Tax rates decision time
While Hillsborough and Lee counties' taxable values went from percentage declines that were worse than the regional average last year, to better than this year's 4.6% average decline, Sarasota County went the other way.

Sarasota County's taxable values slid 6.5%, making it second worst in the region. Last year, the county's taxable value tied Pinellas County with the smallest drop at 9.5%.

Sarasota County Commissioner Nora Patterson, who has a real estate background, explains, “Our prices went up and inflated more than the average, so where you have a higher inflation beyond what's realistic, you're going to have a bigger crash.”

Despite its nearly $23 billion in lost taxable value since its 2007 peak, a 37% slide, Sarasota County's general fund millage rate fell 5.1% from 2007 to 2010, helped by a hefty reserves balance.

In contrast, the other seven counties in the region either kept general fund tax rates essentially unchanged or increased them significantly, averaging an increase of 7.4% in three years' time. Charlotte's has gone up 34%, Pasco 17.2% and Collier County's increased 13.3%.

While Sarasota County dipped into the reserves to balance its budgets lately, it still holds $70 million to $80 million in reserves, according to Patterson. She's uncertain if commissioners will move to raise tax rates, though she says there are concerns about rates being adequate for ambulance services and the mosquito control district.

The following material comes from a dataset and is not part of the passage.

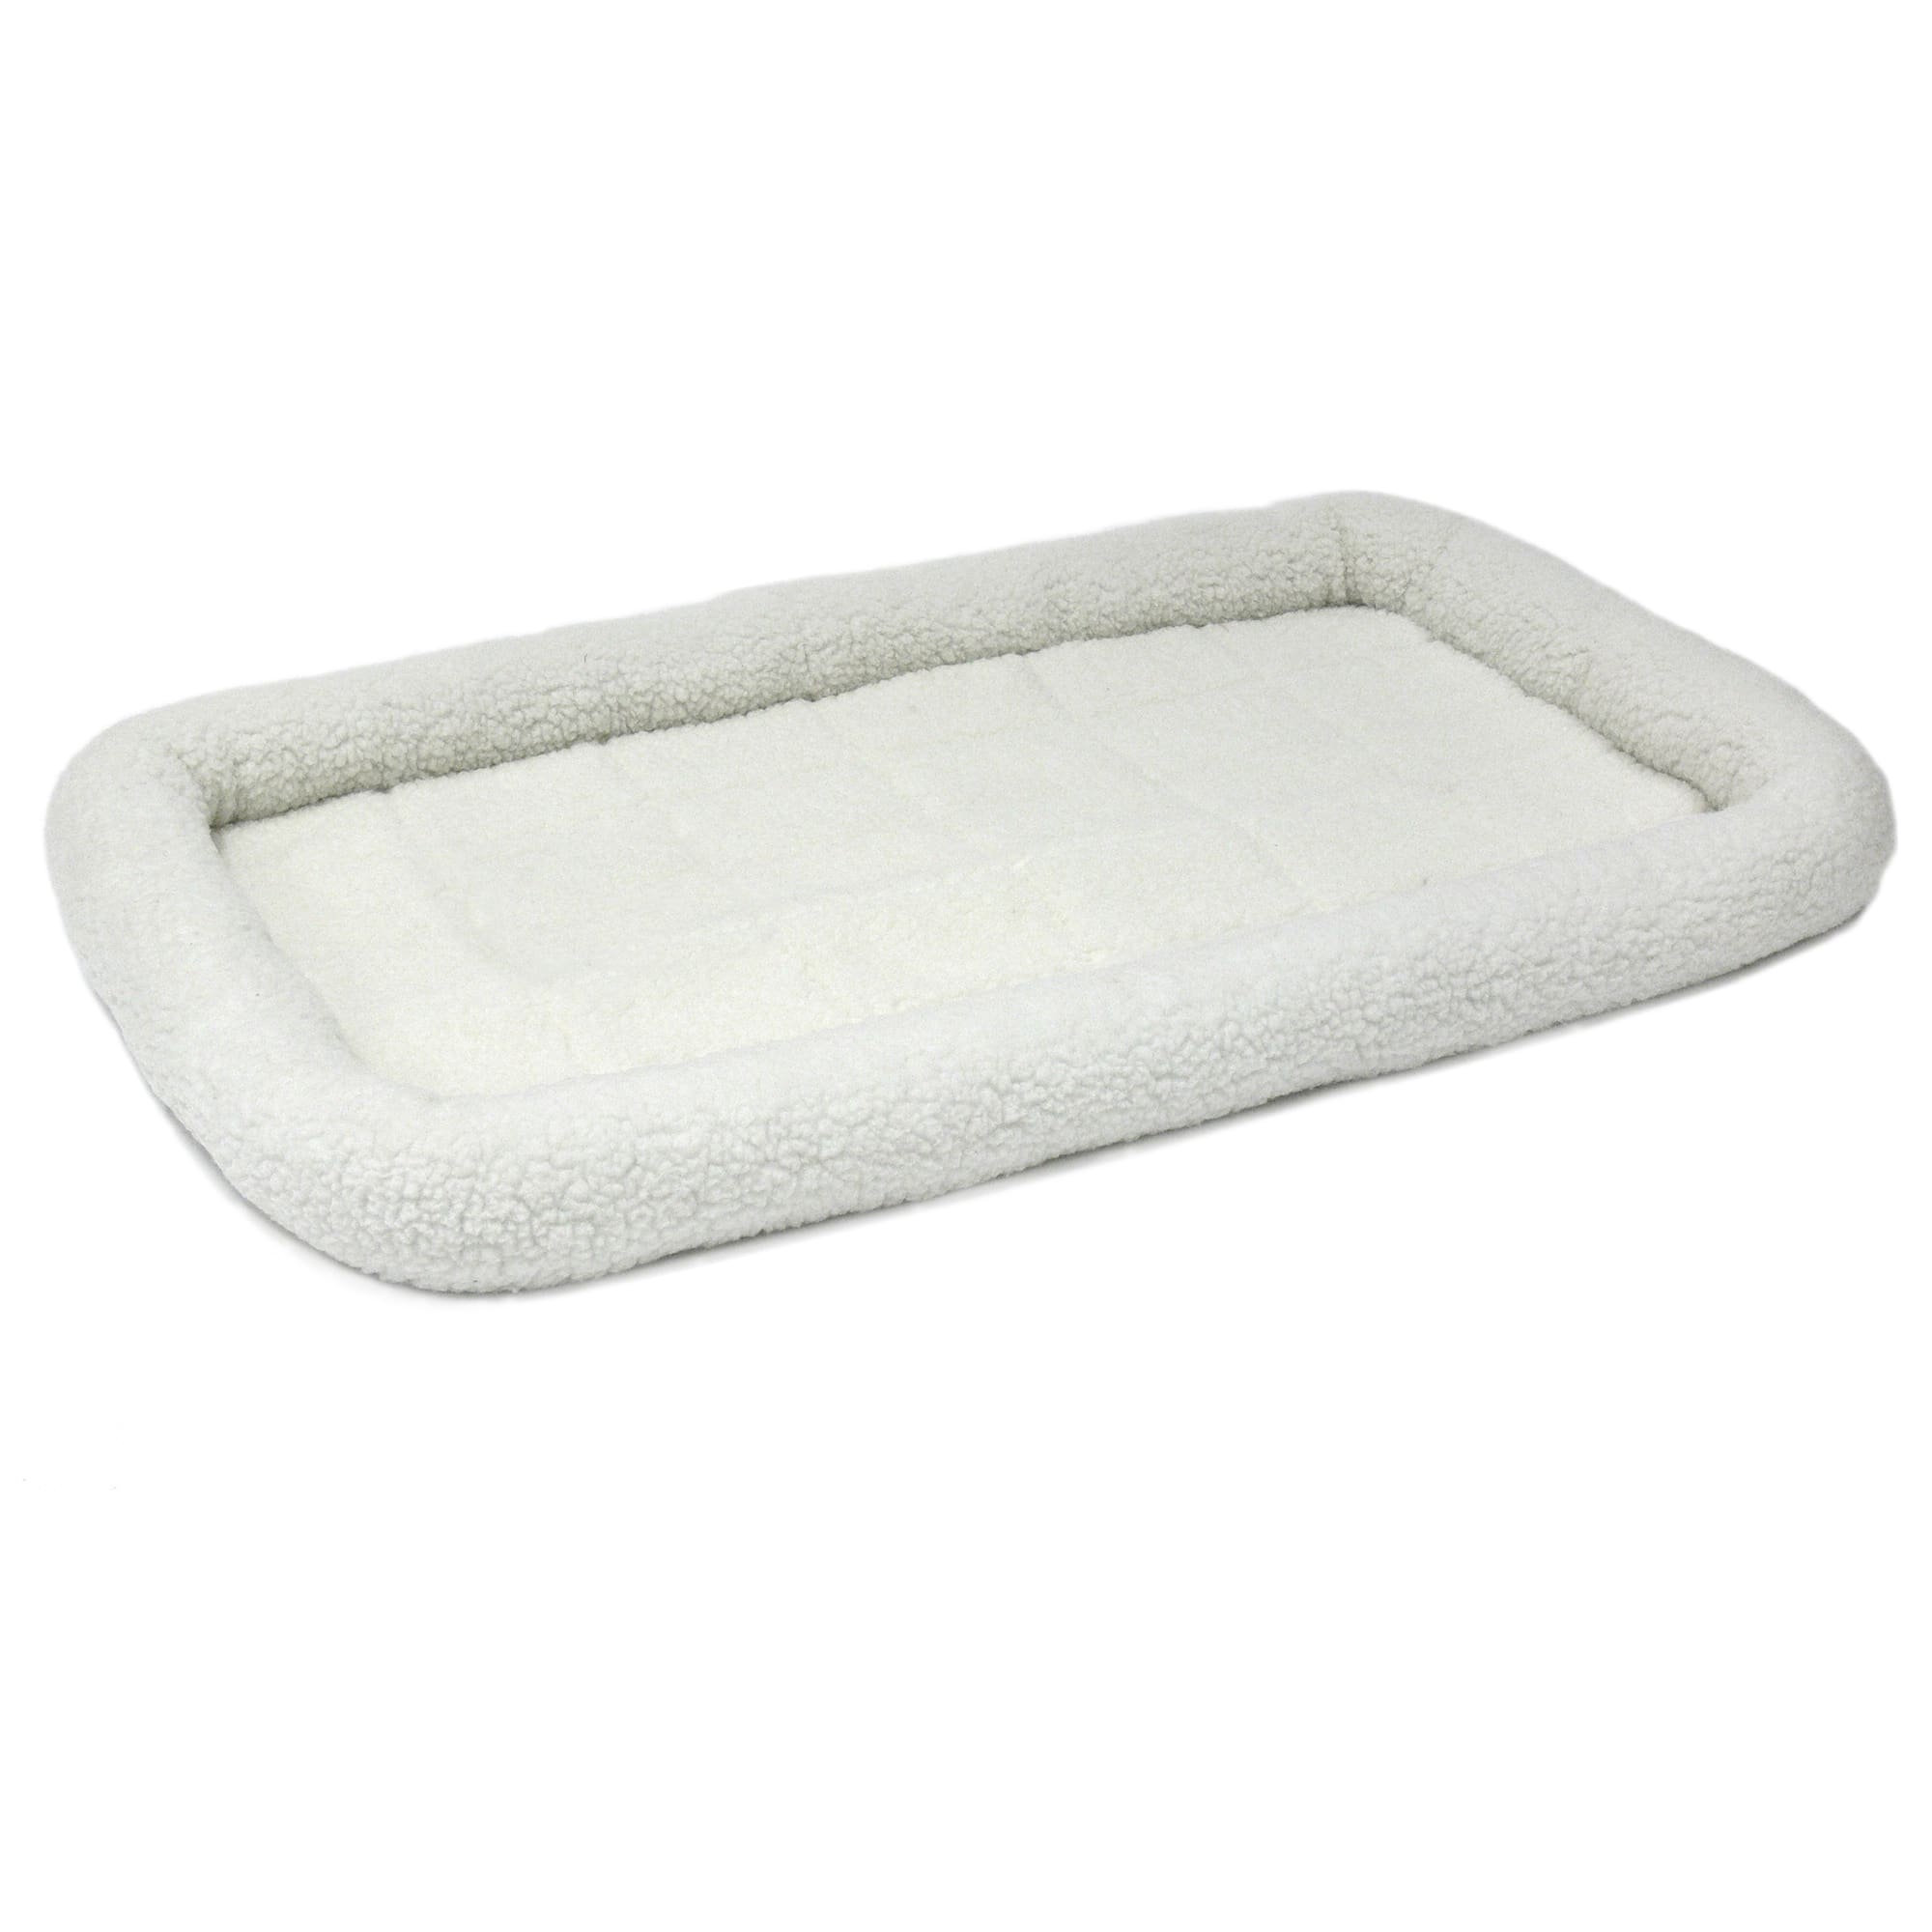 Photos - Bed & Furniture Midwest Quiet Time Bolster White Dog Bed, 48" L X 30" W, XX-Large,

“It's not long term, a rosy picture,” she says. “On the other hand, we do have enormous capacity to raise property taxes, but we're all reluctant to do that in this economy.”

And with unemployment rates ranging from 9.9% to 10.8% across the Gulf Coast region — and the national rate now inching up to 9.2% even as the labor force shrank — local officials have much to sort out before setting property tax rates later this summer.

In the meantime, Pasco's Wells remains optimistic enough to offer some free property value advice for Pasco that local governments might also consider before raising tax rates: “Now is the time to buy because the stuff's going to start going up.”